Dalam kesempatan yang terpisah, Yenli Elmanoferi, komisioner Bawaslu Sumsel yang memimpin kelompok kerja (Pokja) Pengawasan Kampanye Rapat Umum,, merincikan ada beberapa hal yang dilarang dalam pelaksanaan kampanye terbuka. Selain batas waktu dan STTP, pihaknya mengingatkan agar peserta pemilu, tim kampanye dan pelaksana kampanye tidak melibatkan pihak-pihak yang dilarang diikutsertakan dalam kampanye.

“Para peserta pemilu, tim kampanye dan pelaksana kampanye dilarang melibatkan pihak yang tidak memiliki hak pilih, seperti anak-anak dalam kampanye. Selain itu juga dilarang melibatkan para pejabat negara yang bukan anggota partai politik, pejabat dan hakim di lingkungan MA dan MK, ASN, Kepala Desa, dan anggota TNI Polri. Intinya pihak-pihak yang dilarang dilibatkan sebagaimana yang disebutkan dalam pasal 280 ayat (2) UU 7/2017,” tegas mantan ketua KPU Kota Pagaralam itu.

Yang lebih penting lagi, sambung Yenli, para pelaksana kampanye dilarang melanggar larangan kampanye yang ditegaskan dalam UU 7, antara lain mengenai materi kampanye seperti mempermasalahkan dasar negara, menggunakan fasilitas pemerintah, menghina dan membawa isu SARA.

“Satu lagi yang terus menerus kami ingatkan, agar para pelaksana, tim kampanye dan peserta kampanye tidak melakukan tindakan money politics.
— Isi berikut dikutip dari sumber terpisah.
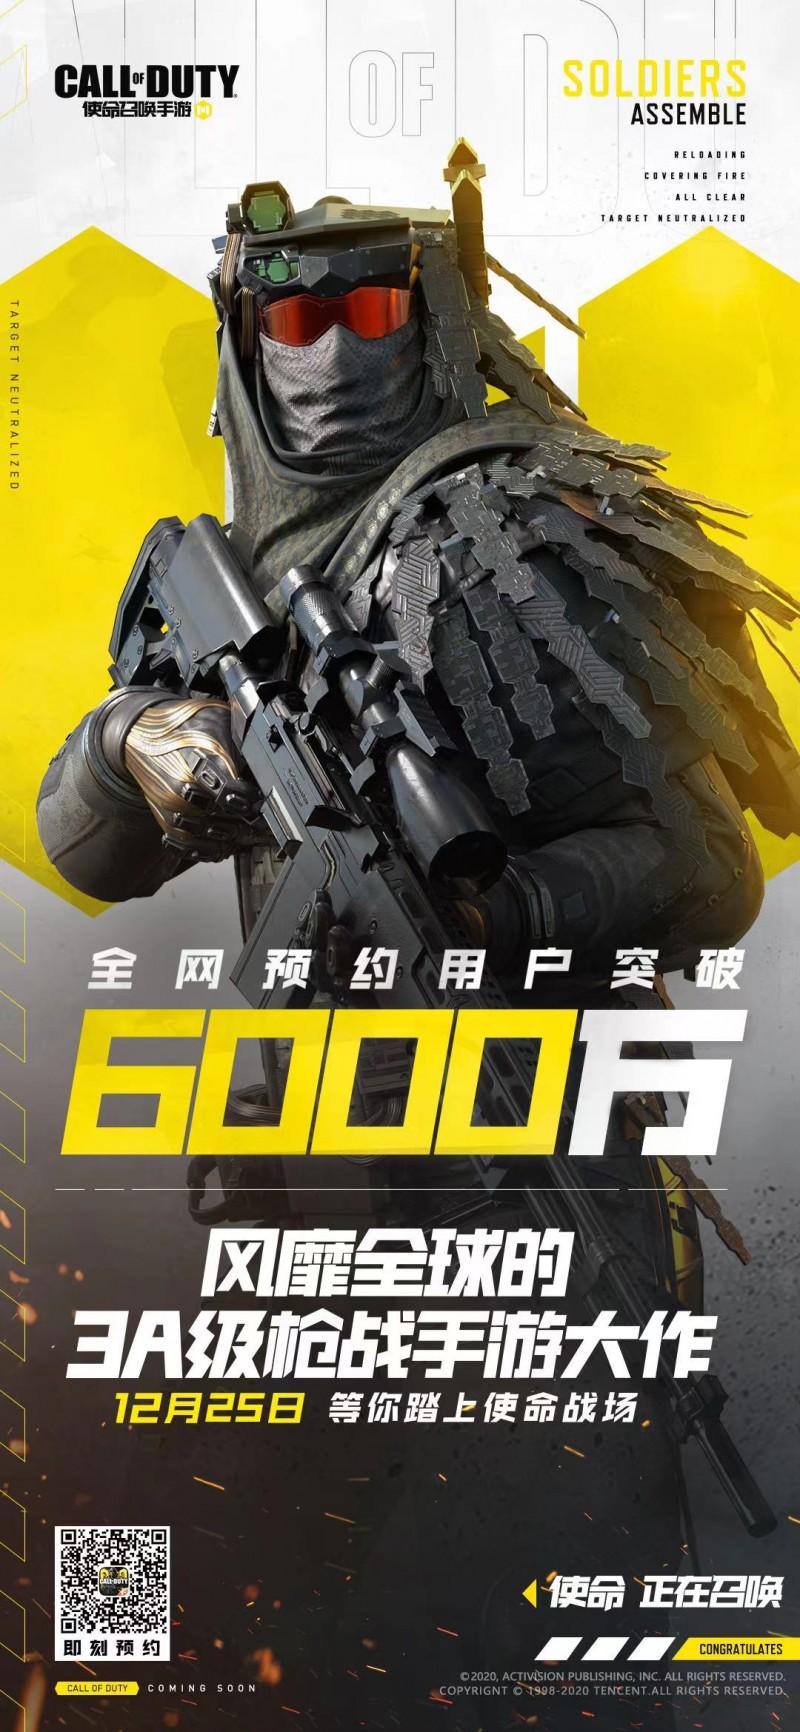 【捕鱼王】《使命召唤手游》6000万预约历练达成,12月25日正式上线

Sanksinya sangat berat, selain hukuman pidana penjara dan denda, juga bisa dikenakan hukuman administrasi berupa pembatalan sebagai caleg, atau bahkan caleg terpilih,” tandasnya.

Batasan Iklan Media

Syamsul Alwi, komisioner Bawaslu Sumsel yang memimpin Pokja Pengawasan Kampanye dengan metode Iklan Media Massa menambahkan selain pengawasan rapat umum, pihaknya juga melakukan pengawasan kampanye di media massa. Menurut dia, ada beberapa rambu-rambu yang harus dipatuhi para peserta pemilu, dan calon anggota legislatif serta media massa dalam pemasangan iklan kampanye. Salah satunya adalah bahwa iklan kampanye yang dipasang di media massa adalah iklan yang difasilitasi oleh Komisi Pemilihan Umum (KPU).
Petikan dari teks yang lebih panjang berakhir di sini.